= Ken Johnston (journalist) =

British journalist

Ken Johnston (born 1952 in Northern Ireland) is a journalist/broadcaster with wide media and military experience having worked throughout The Troubles in Northern Ireland and also handling media issues for UK military operations around the world. His career started with Project, an industrial periodical produced by the former Morton Newspaper Group before moving to Armagh as a reporter with the local weekly paper, the Armagh Guardian. This was at the beginning of The Troubles and after two years he moved to take the reins as Editor of the Carrickfergus Advertiser and East Antrim Gazette before joining Thomson Newspapers on the East Antrim Times and later the Belfast Telegraph.
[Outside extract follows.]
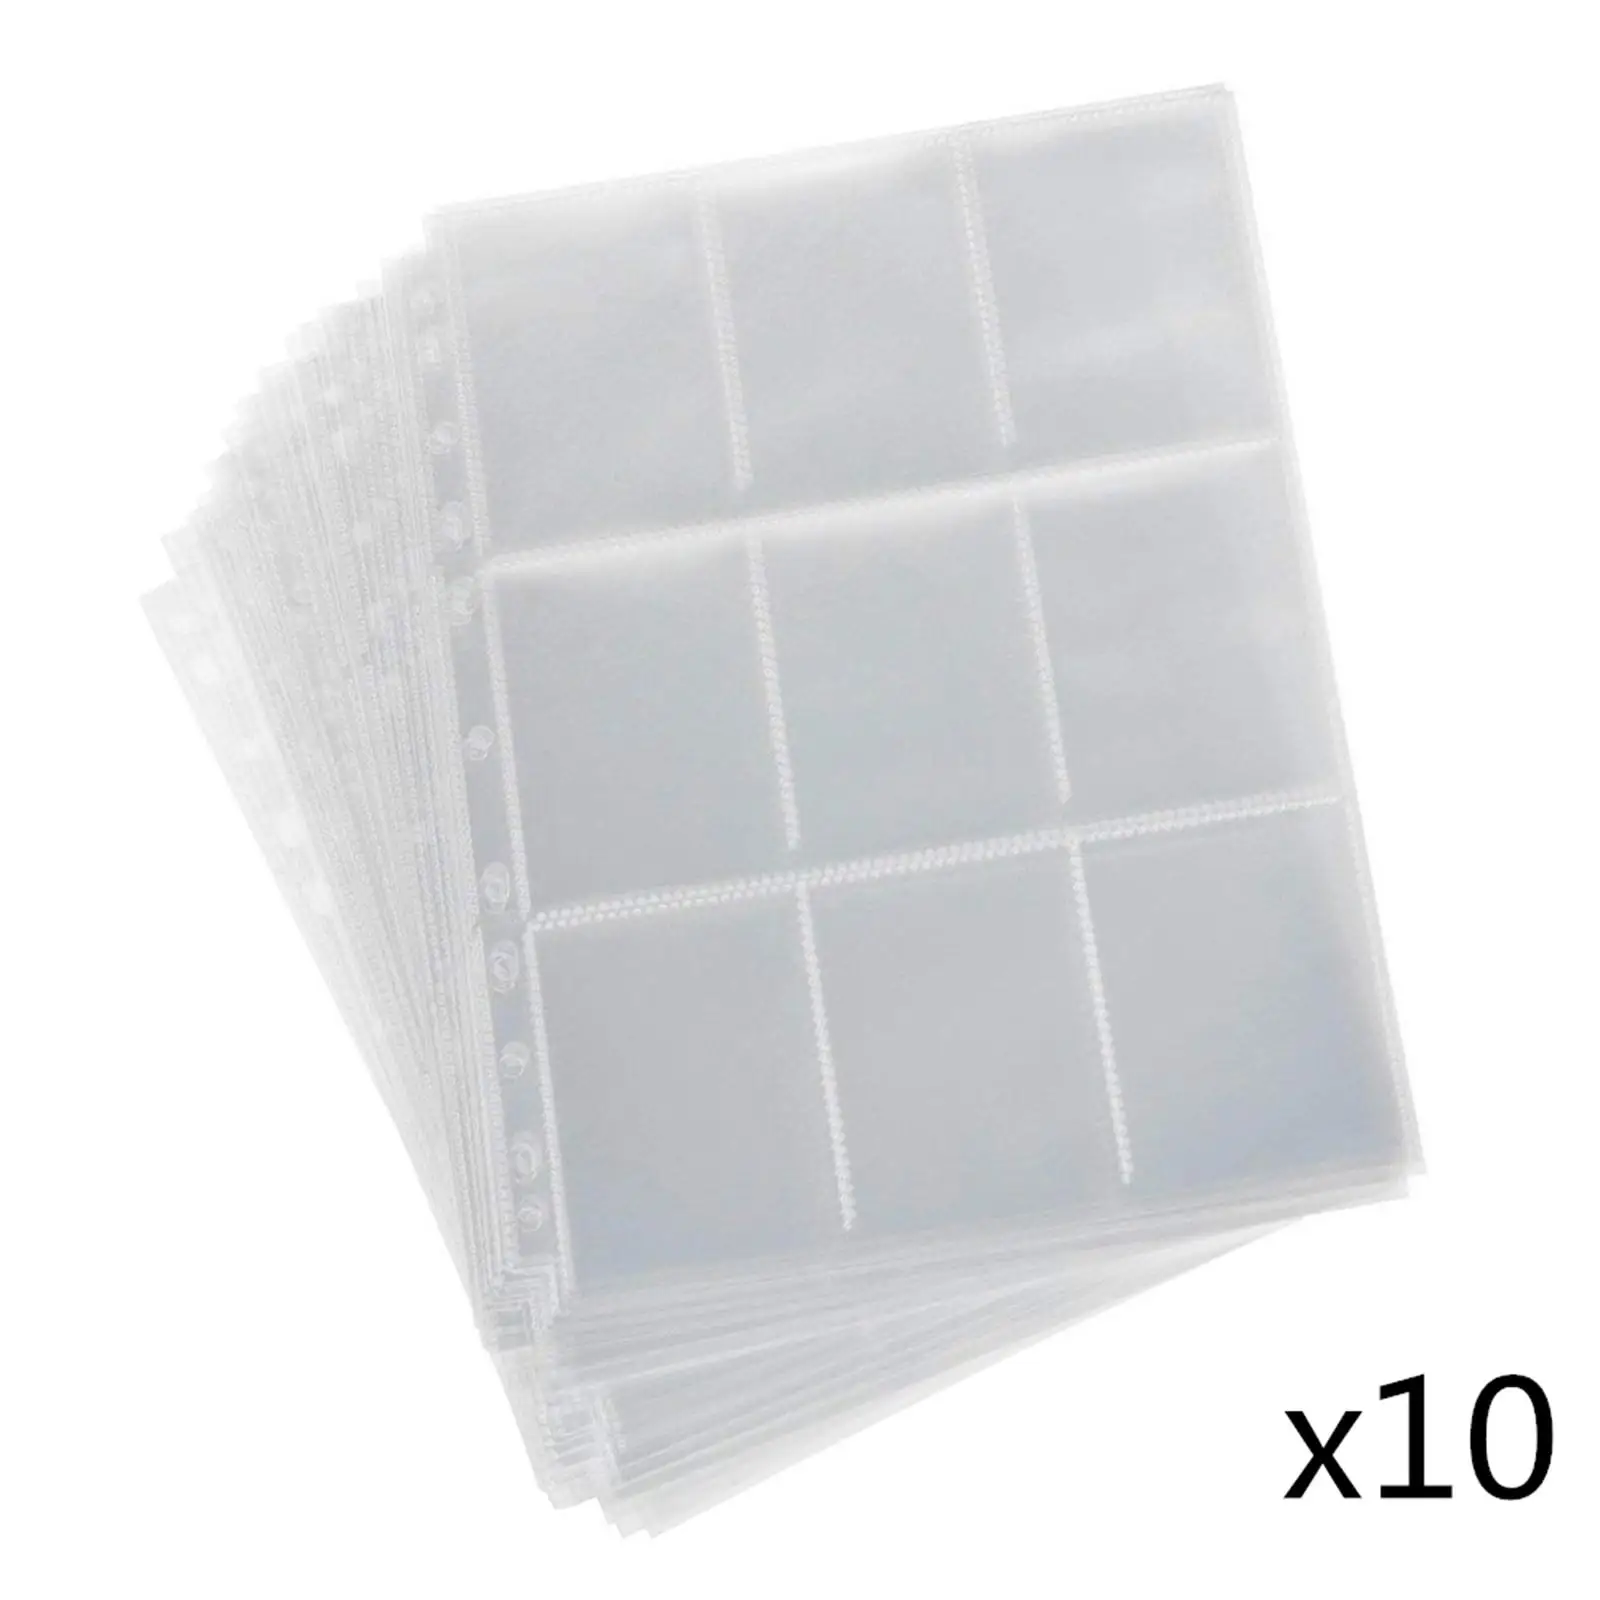 10 Sheets (90 Pockets) of Premium 9 Pocket  Protectors for  Cards,Gathering Cards,  , etc..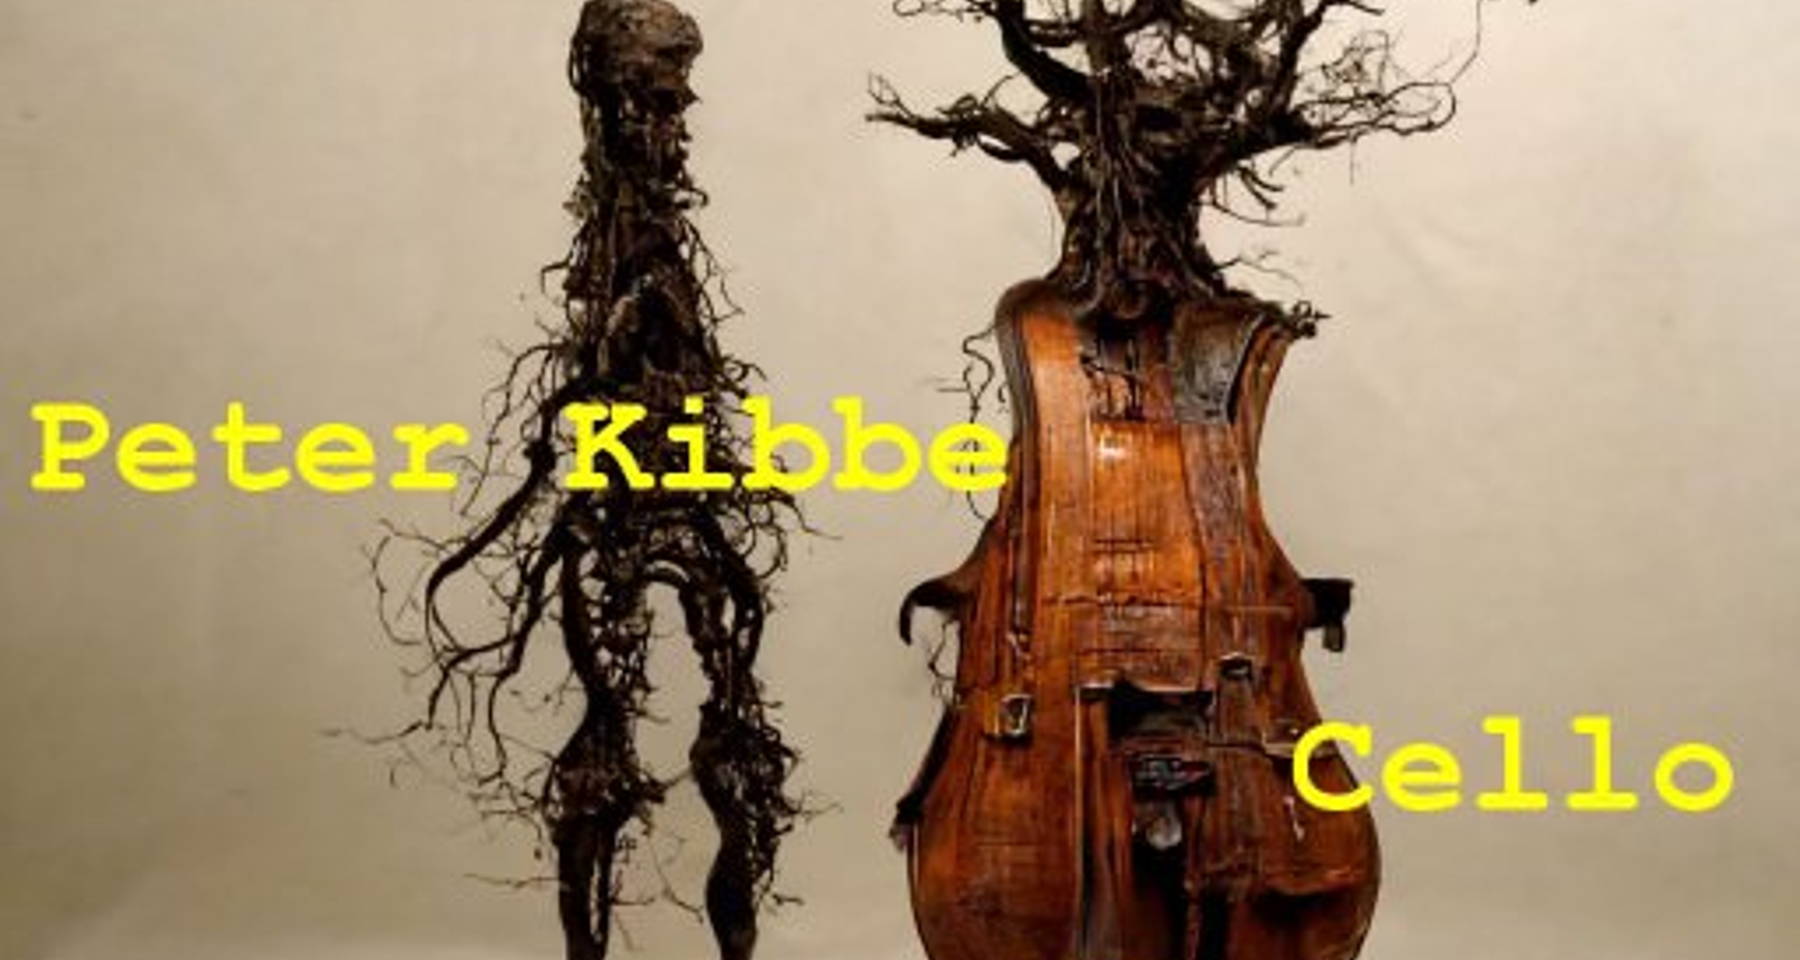 Music of the 21st Century with Cellist Peter Kibbe

In 1980 he moved into broadcasting with Independent Radio in Northern Ireland before joining the Ministry of Defence and setting up the first Mobile News Team which was to oversee the transitional period of military involvement in Operation Banner. Moving to Whitehall to join the Royal Navy team he became Senior Information Officer before being appointed to HQ Army in Salisbury. It was in 2000 he was appointed Deputy Head of Media Operations at the UK's Permanent Joint Headquarters which provided operational direction for all UK military operations overseas.

As well as vast journalistic experience of Northern Ireland he has also been engaged on operations, exercises and training around the world. He reported widely during 'the troubles' in Northern Ireland as a reporter with The Belfast Telegraph and later as broadcaster with Downtown Radio and contributor to broadcast stations around the world.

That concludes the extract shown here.